Bragg Gaming Group is evaluating strategic alternatives for the business, including a sale, as it reported a 10.4 per cent increase in full-year revenue to €93.5m in 2023.

Bragg Gaming Group

Wagering revenue generated by customers of €22.4bn rose from the €17.7bn raised throughout 2022. Gross profit increased by 10.8 per cent to €49.9m, up from €45.1m in 2022, translating to a gross profit margin of 53.4 per cent.

Bragg also revealed that adjusted EBITDA for FY23 was up by 26.3 per cent to €15.2m, representing an adjusted EBITDA margin of 16.3 per cent.

Although, the full-year revenue was impacted by a Q4 decline of 1.4 per cent to €23.4m, reflecting the “revised commercial terms agreed with a key strategic partner that took effect during the quarter,” Bragg said.

Gross profit decreased by 7.3 per cent to €12m, while adjusted EBITDA decreased by 23.7 per cent to €2.8m.

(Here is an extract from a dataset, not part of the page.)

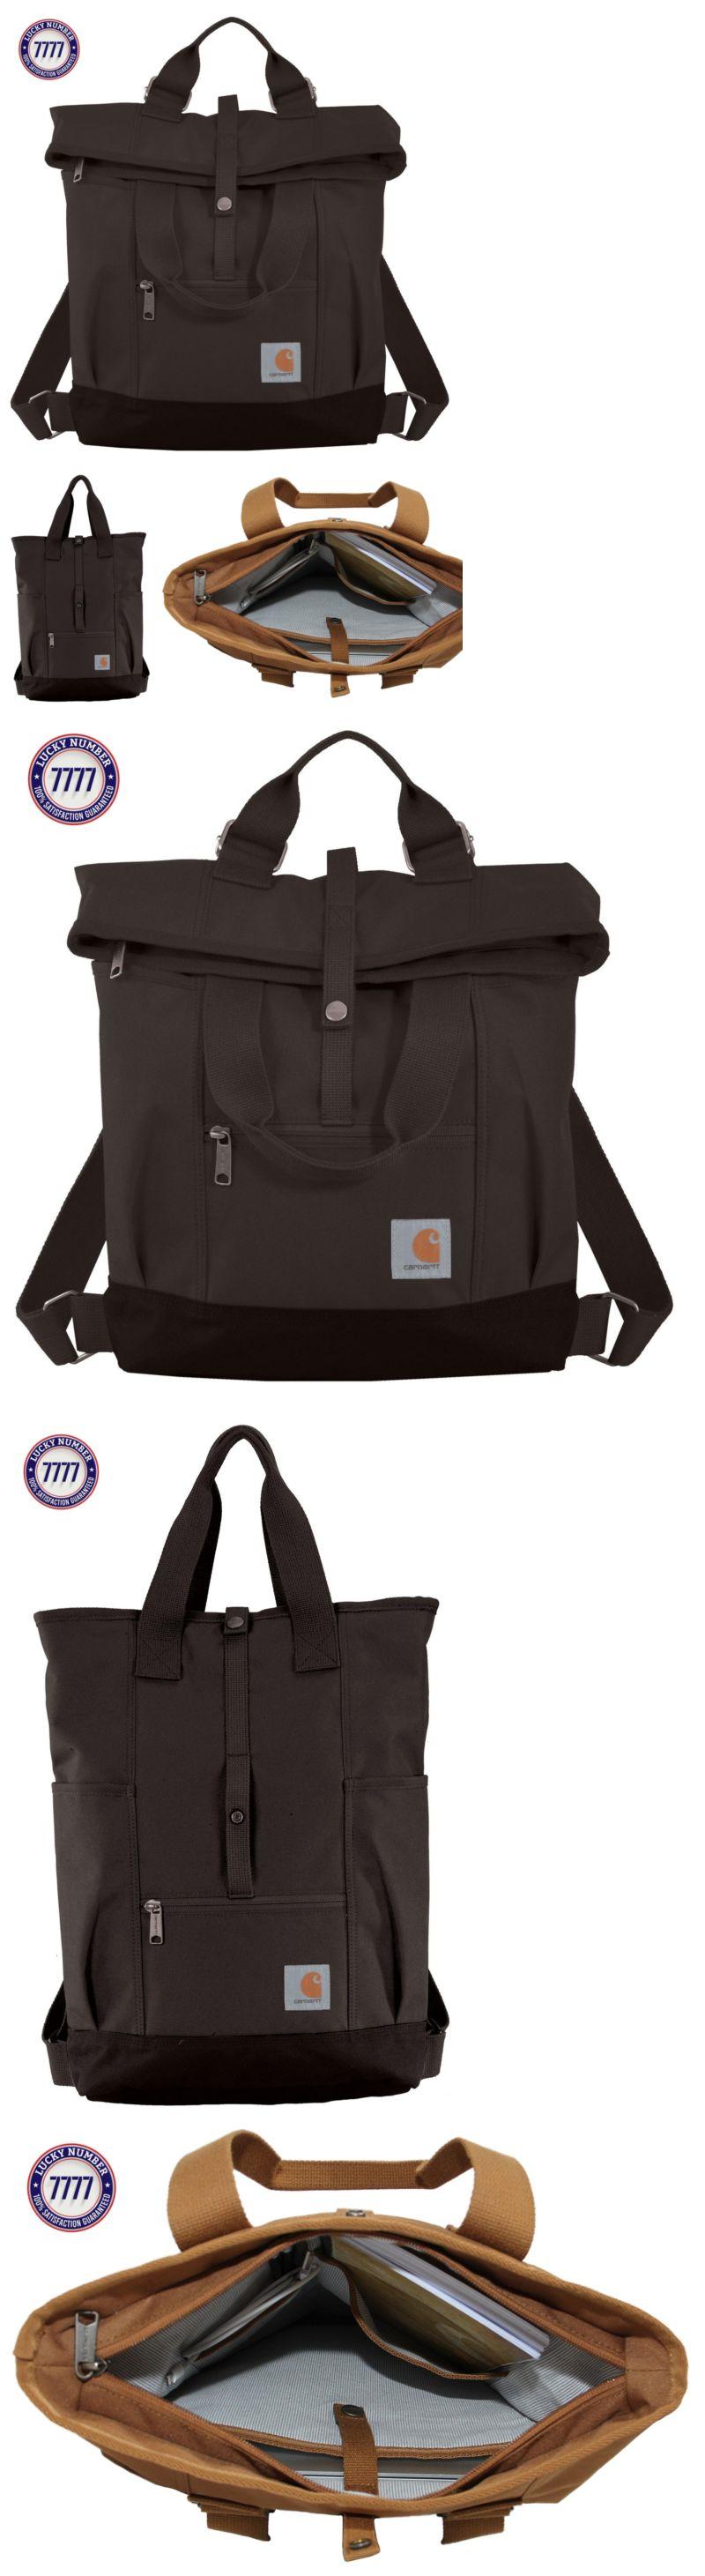 Duffel and Gym Bags 169296: Carhartt Legacy Women S Hybrid ...

Bragg CEO Matevž Mazij said the company’s full-year achievements were in part fuelled by “a reconfiguration of our revenue mix, favouring higher-margin products like internally developed proprietary content, and our comprehensive Player Account Management platform, all while maintaining stringent cost control measures.”

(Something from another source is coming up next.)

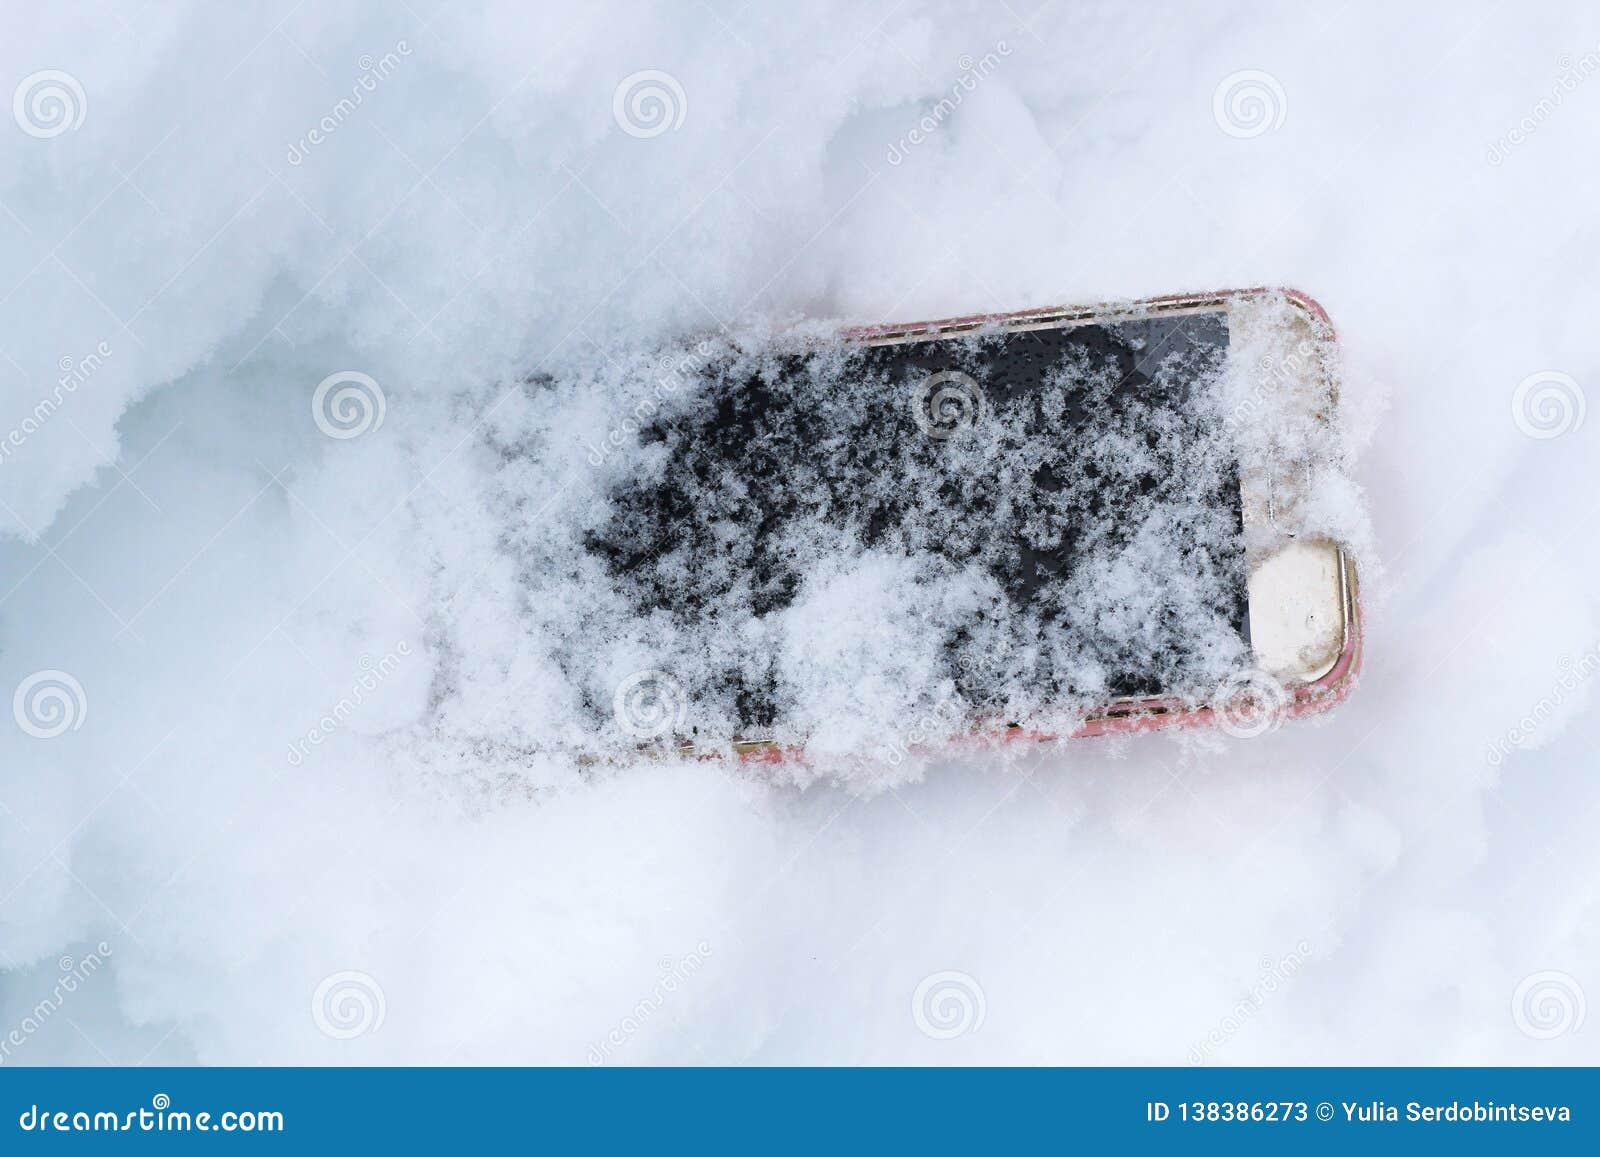 Мобильный телефон случайно упал вне и выпаданный из ускорения в снеге

But while Mazij said Bragg is experiencing growth in the Czech market, the challenges in the Dutch market – brought about by “increased competition and new regulations since July”- are “expected to persist.”

Mazij said Bragg expects a “further surge” in the global distribution and adoption of its proprietary and exclusive third-party content.

“Last year, we successfully launched a total of 29 new proprietary online titles worldwide, including 26 proprietary titles newly introduced to the European online casino markets and 15 proprietary titles newly introduced to the North American online casino markets. We expect to maintain or exceed this pace of game releases this year.”

Bragg has forecast revenue to rise by between 9.1 per cent and 16.6 per cent in 2024 to a range of €102m and €109m.

The company says adjusted EBITDA for the year is expected to be between €15.2m and €18.5m, increasing by up to 21.7 per cent.

Bragg also confirmed it has appointed an ad-hoc special committee, chaired by independent board member Don Robertson, to “undertake a review of the company’s strategic alternatives.”

“The special committee has been appointed to consider and explore strategic alternatives, which may include the sale of the company or of its assets, a merger, financing, further acquisitions or other strategic alternatives,” it said.

“No timetable to complete the strategic review process has been established, nor have any decisions been made relating to strategic alternatives at this time. There can be no assurances that any transaction will be completed.”